Turkey’s Central Bank should stop its zero interest rate policy for required reserves collected from lenders, which causes a significant loss in the banking sector, according to the general managers of several lenders.



 


“The recent regulations placed a burden of $8.06 billion on Turkish banks,” said the Banks Association of Turkey (TKBB) in a report distributed to the media during the closed press meeting with Ali Babacan, Turkey’s deputy prime minister, in Istanbul.
The association said the banks have lost nearly $4 billion due to the increased reserved ratio and another $1.2 billion due to the zero interest rate on reserves.

Regulation changes this year, including required reserve hikes and additional branch taxes, caused an $8.06 billion loss to the sector, the association said.

“Paying the interest rate to the lenders for the reserves is not on the agenda for Turkey’s economy administration,” said Babacan, responding to questions by journalists after the meeting.

“We are not seeing [required reserves] as a burden on the sector,” said Babacan, saying the sum collected from lenders was rather “a preparation for difficult times.”

“The reserves are secured in our Central Bank and if there would be further need, the bank might decrease the reserve rate ratio and continue to support banks,” he said.

 Low saving ratio

General managers of the banks have also warned about the country’s relatively low saving ratio, which is below the emerging countries average. “Savings are needed to make investments to grow, but still the saving ratio is insufficient,” said TKBB.

Turkey’s saving ratio fell short with 12 percent of gross domestic product, while the average of emerging countries reached 34 percent this year, according to TKBB.
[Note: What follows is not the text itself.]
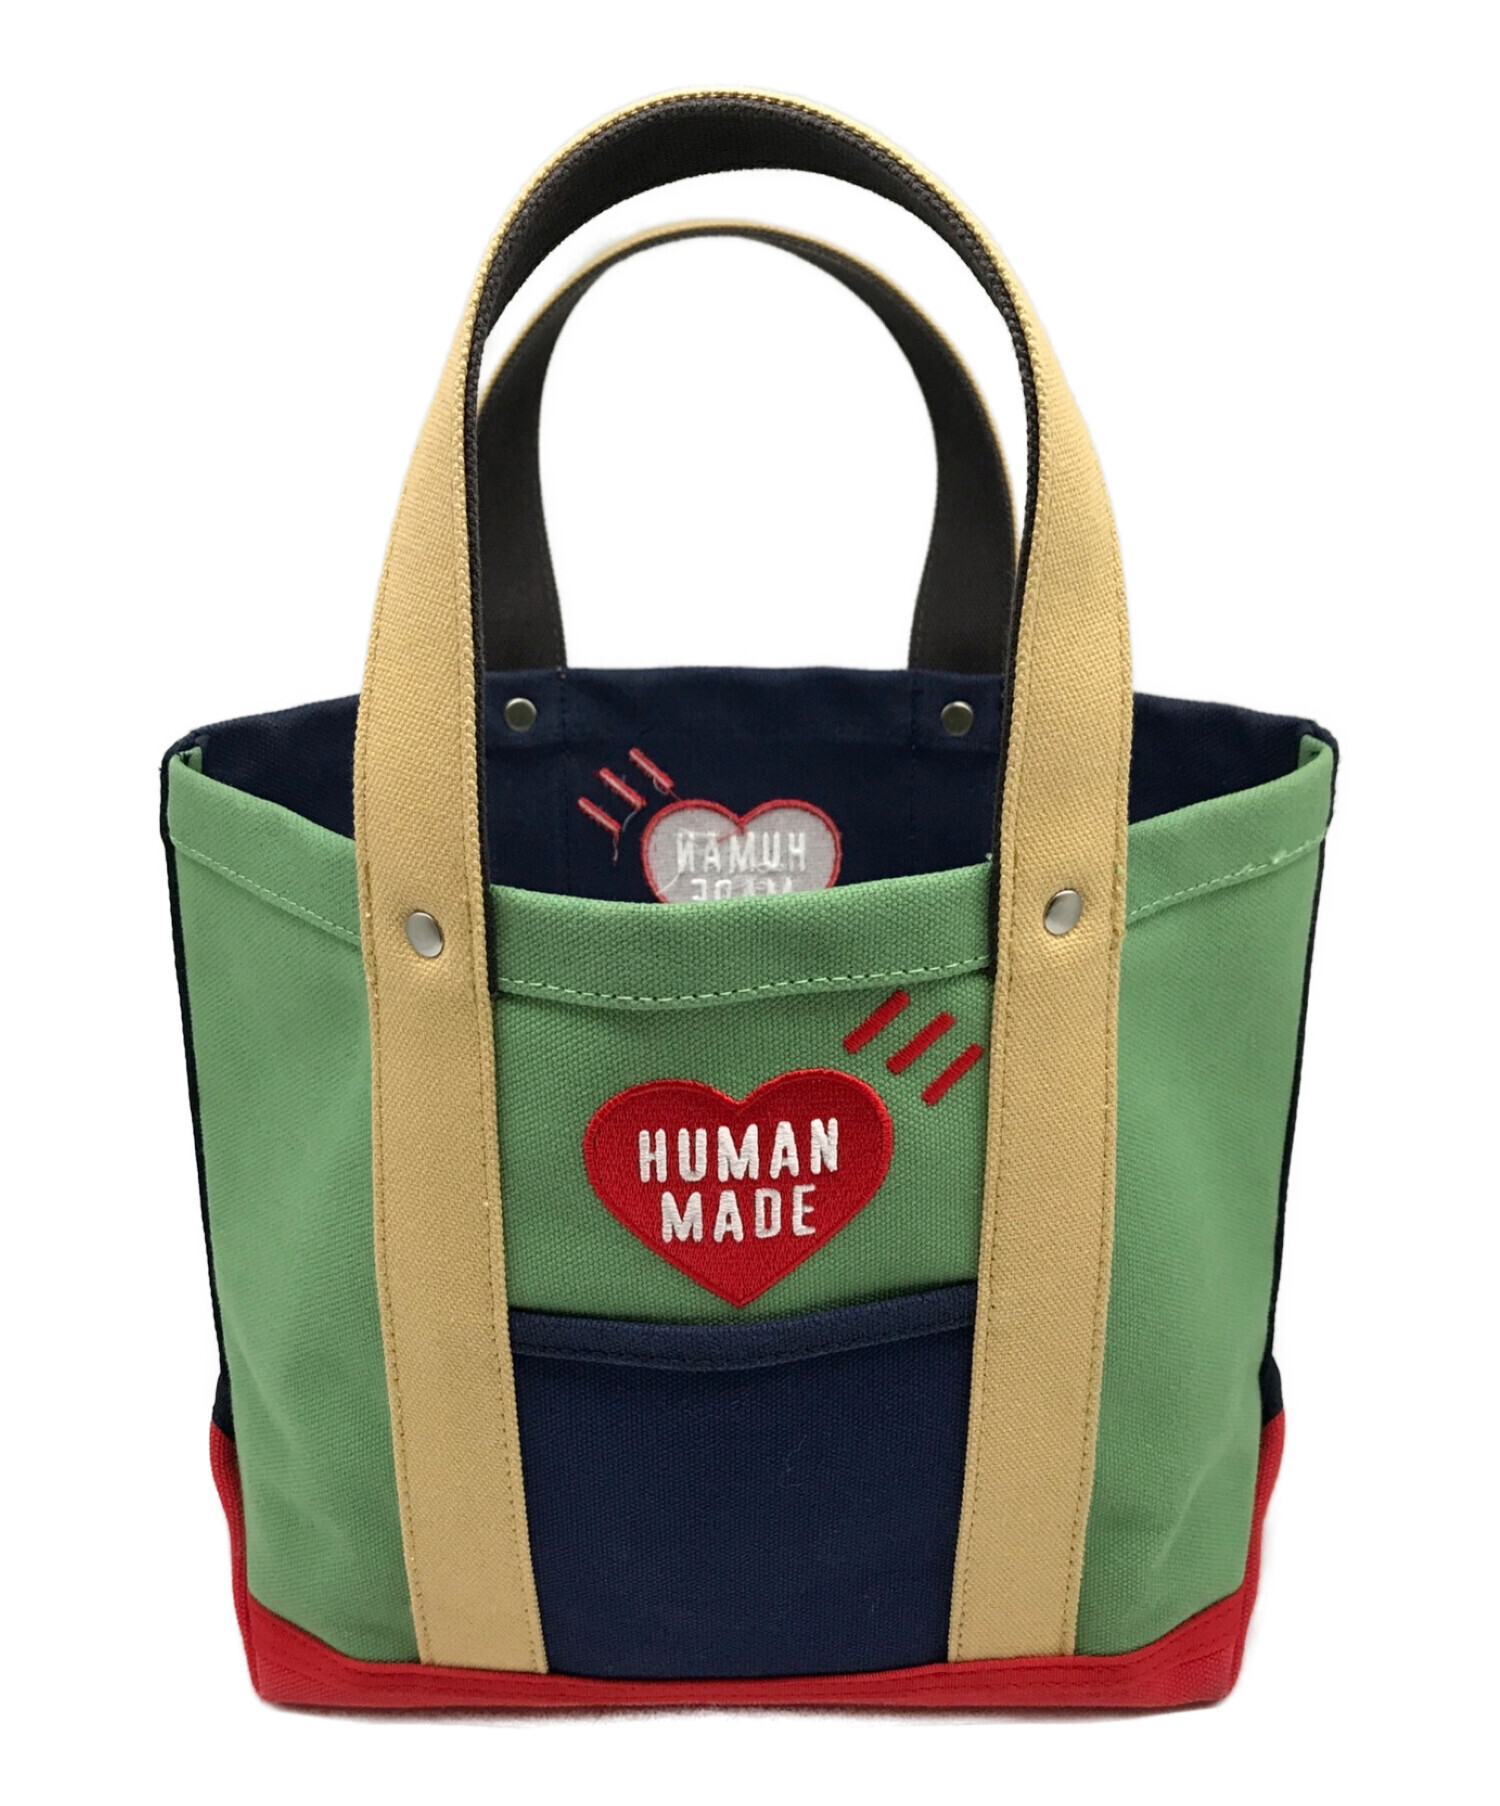 HUMAN MADE (ヒューマンメイド) multi color tote bag small マルチ カラー トートバッグ スモール  ネイビー×レッド サイズ:実寸参照

Turkey’s investment rate is 22.5 percent of the GDP while the emerging nation’s average is nearly 32 percent.

“Currently, the saving ratio of the country is 12 percent of the GDP. This is the lowest in Turkey’s history,” Babacan said Dec. 23, speaking at another Istanbul meeting at the Confederation of Businessmen and Industrialists of Turkey (TUSKON). “Nearly 45 percent of people spend more than their monthly income,” Babacan said, warning the country should not turn into a “consumption economy.”

Babacan also said Turkish loans would expand less than 25 percent as economic growth slows down next year, and subsequently there will not be a need for a ceiling regulation.